Emilio Duhart Harosteguy (1917 in Temuco – January 2, 2006 in Ustaritz, Labort) was a Chilean architect, representative of modern architecture and considered to be one of the most relevant urbanists of the 20th century.

Duhart's work was profoundly influenced by Le Corbusier's and Walter Gropius' theories, with whom he collaborated in several projects.

Biography

Youth 
Emilio Duhart's family immigrated from the French province of Labort, in the French Basque Country, to southern Chile. He lived in France during his infancy and basic education.

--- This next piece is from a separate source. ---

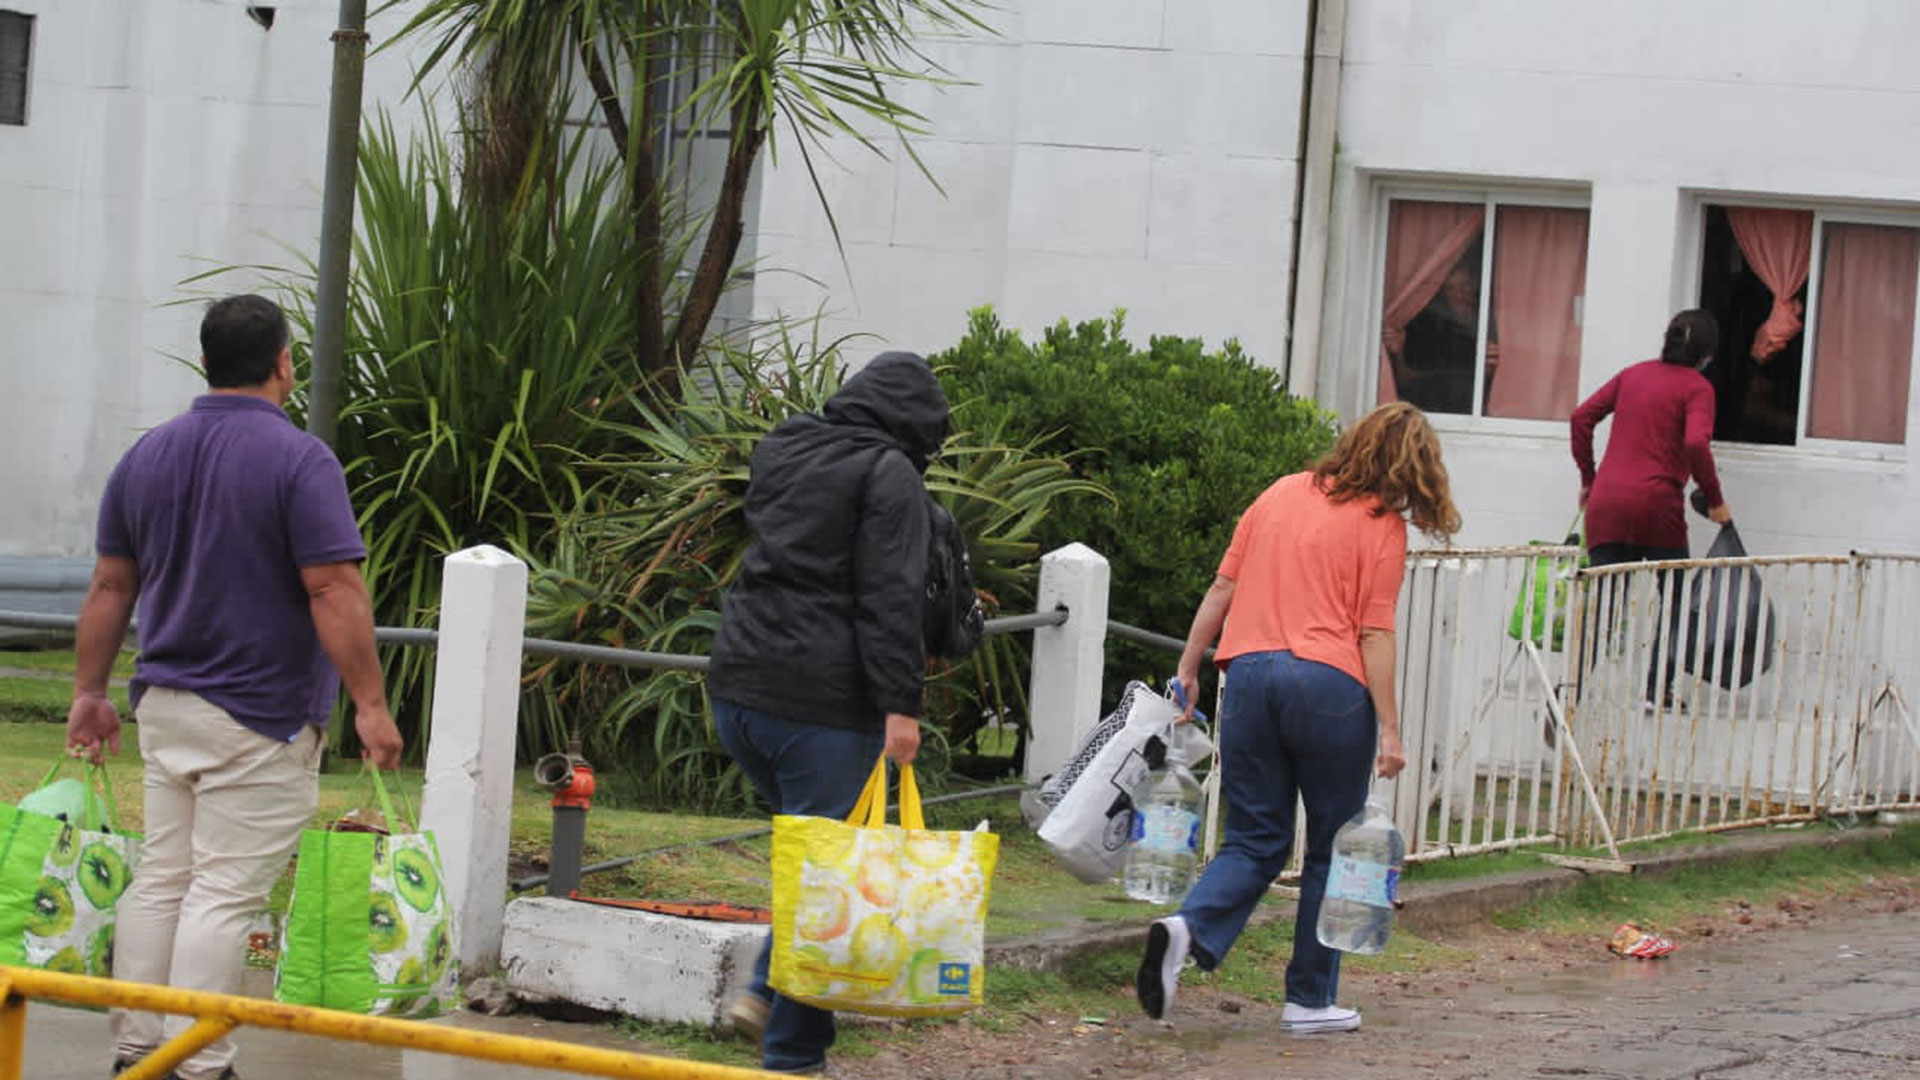 Miércoles 11 de enero. Bajo la lluvia y con bolsas de comida, los familiares de los rugbiers llegaron al penal de Dolores para la visita semanal (Ezequiel Acuña)

He started a relationship with Raquel Echeverría, who would later become his wife; they had four children and several grandchildren.

Professional career 

In 1935, Duhart started his Architecture studies at the Pontifical Catholic University of Chile (PCUC), and graduated in 1941. In the same year he started working on rural populations in Chillán, affected by the 1939 earthquake.

In 1942 he moved to the United States, where he studied Architecture at Harvard University. In 1943 he graduated under the supervision of architects Walter Gropius and John M. Gauss. He later served as Gropius' assistant and as Konrad Waschmann's assistant at General Panel Corporation Prefabricated Housing. During this stay at Harvard, Duhart became acquainted with the Modern Architecture movement that would become a cornerstone in his career.

Career in Chile 

Duhart returned to Chile at some point in the 40s, he worked along Sergio Larraín García-Moreno— founder of the Chilean Museum of Precolumbian Art,— in several architectural projects: housing, industrial buildings and urban planning, among others.

Besides his work as an architect, Duhart also worked in academia and union matters. In 1946 he was elected counselor at the National College of Architects in Chile, and in 1951 he returned to the PCUC to work as a teacher where he would later become director of the Urbanism, Housing and Planning department.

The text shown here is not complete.